De sorte que, si l’enfant eut d’illustres parrain et marraine, il fut, en fait, réalisant presque le vœu de sa mère renu sur
les fonds du baptême par un valet et une femme de chambre, des pauvres.
L’enfant grandit, entouré par la solitude maternelle et les lettres qu’elle écrit sont remplies de nouvelles sur la santé de
son fils : « Ne sois pas inquiet de ma santé, elles est bonne ainsi que celle d’Armand. Nous mangeons et dormons bien.
Je t’écris auprès de mon lit où il est couché et où il ronfle comme un petit cochon » (janvier 1787).
Plus tard : « Le petit se porte bien, il prononce quelques mots ». Et dans d’autres lettres encore : Armand se porte bien
ainsi que moi. Nous t’embrassons tous deux. Je le tiens sur mes genoux en t’écrivant, c’est deux chose qui me flattent ».
- Armand est toujours avec moi, il me préfère à tout le monde, même à la Lubée (sa nourrice). IL dîne avec moi, ne mange
que des légumes. Je sais que tu ne veux pas qu’il mande sitôt de viande, c’est aussi mon avis ».
Ces nouvelles allaient joindre Briqueville dans ses lointaines garnisons, où venait aussi le harceler les lettres de ses
créanciers, car ses embarras d’argent devenaient de plus en plus pressants.

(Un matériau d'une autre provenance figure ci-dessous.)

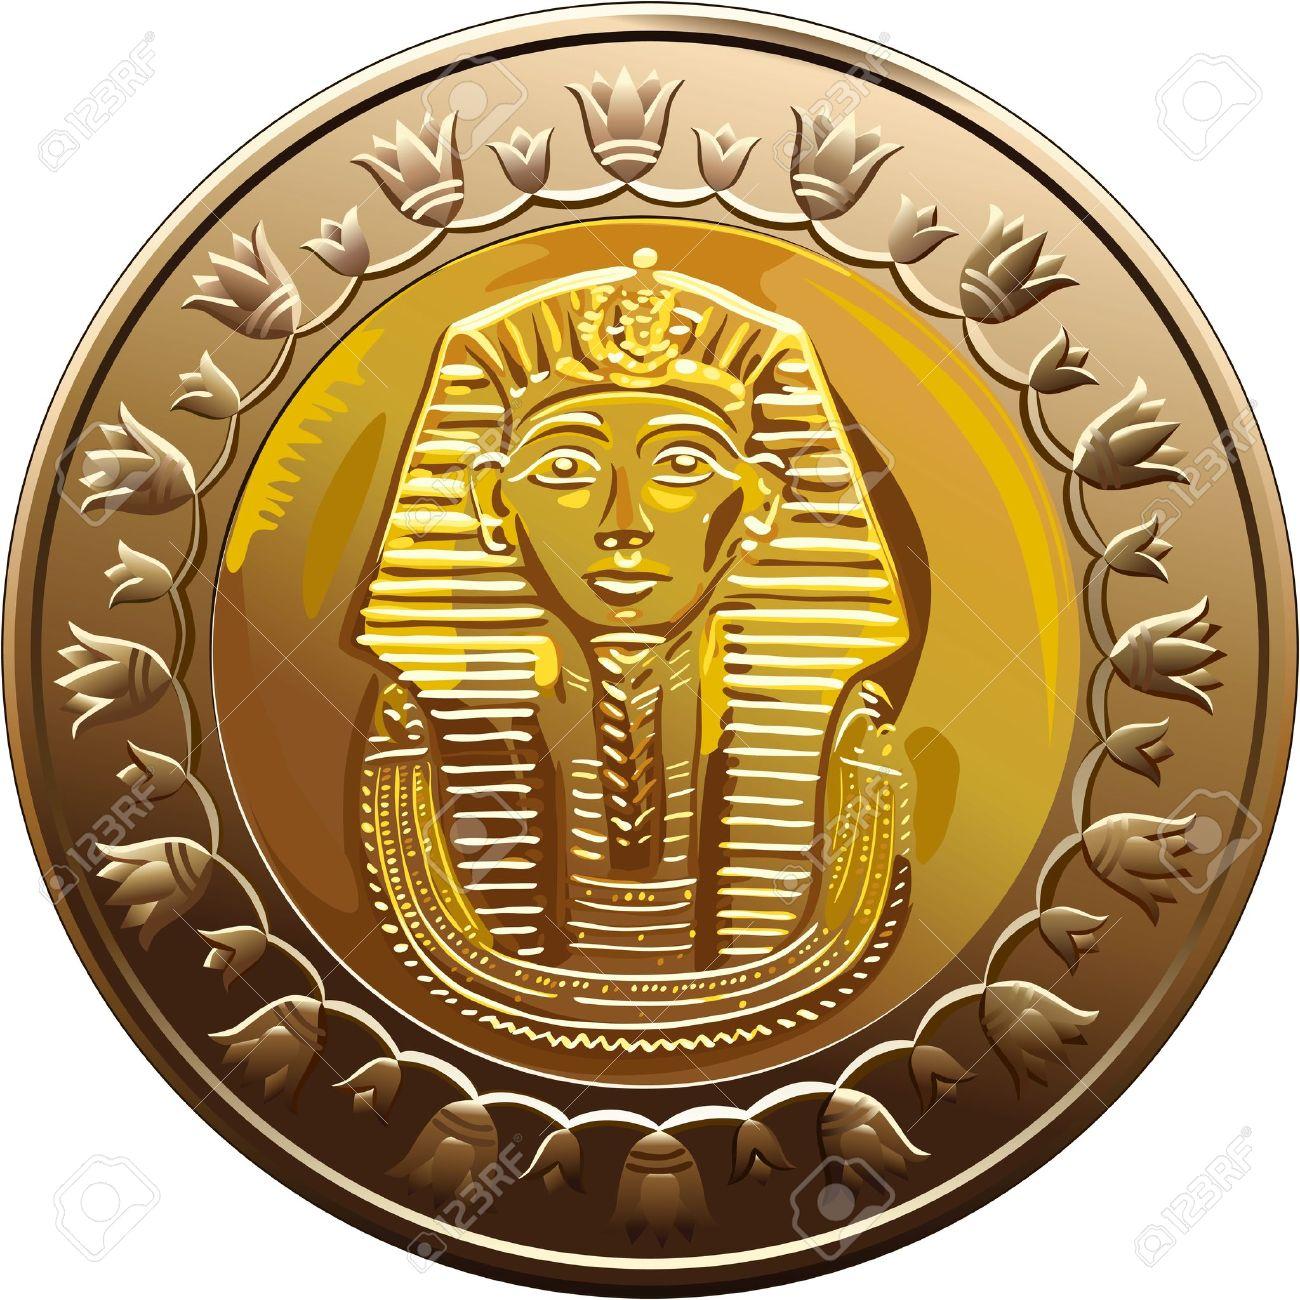 Republique Arabe D Egypte La Piece De 1 Livre Montre Le Pharaon Toutankhamon

Il semble bien d’ailleurs, qu’en réponse aux lettres aimables de sa femme, il lui en adressait remplies de récriminations
qui paraissaient avoir peu à peu ennuyé puis fatigué la jeune femme ; « tu devrais bien, mon cher ami, te déshabituer
de te plaindre continuellement, tu me fais de la peine », et ailleurs : « tu sais que je ne cherche pas à te déplaire et tu
peux être assuré, que je serais désolée de te donner raison de crier sur moi ; mais, si tu m’aimes bien, tu ne me
chagrinerais pas et tu ne me donnerais pas lieu de croire que tu te plais à me tourmenter ». Les lettres de M. de
Briqueville n’ayant pas été conservées, il est assez difficile de se rendre compte des griefs qu’il reprochait à sa femme
mais on sent grandir peu à peu le désaccord.
Dès 1784, François-Marie est au point de vue pécuniaire, réduit aux expédients. Il se trouve dans l’impossibilité de
rembourser les dettes qu’il a contractées et qu’avait cautionnées son oncle Bon-Chrétien. En 1786, il suppliera sa femme
de lui trouver cinquante louis pour payer une acquisition de chevaux légers. « j’ai peur, lui écrit-elle, que l’ordre de payer
les chevaux légers n’arrive bientôt. Ton père n’a pas assez d’argent et je n’en pourrai jamais trouver assez à emprunter.
C’est bien dommage que tu n’ais pas aidé à les fournir. Je serai inquiète jusqu’à temps que je puisse être sûre de ces
cinquante louis. Quel chagrin pour moi si on te punissait faute de payer. Je voudrais avoir quelque chose à vendre, je
t’enverrais l’argent, je tremble pour toi ».
Ce fut sans doute pour lui venir en aide qu’elle vendit sa jument de selle à Bon Liot moyennant cent livres.
De son côté Briqueville faisait de son mieux. Il parait d’ailleurs avoir trouvé près des officiers de son régiment une aide
secourable.
C’est ainsi que l’un deux, Grenier d’Ernemont, apprenant qu’une traite était lancée contre son camarade, en son absence,
s’empresse d’emprunter 555 livres et la paie pour empêcher qu’elle soit protestée.
C’est Monsieur de Nouzeau, qui, sans même en demander reçu lui avance 2.400 livres.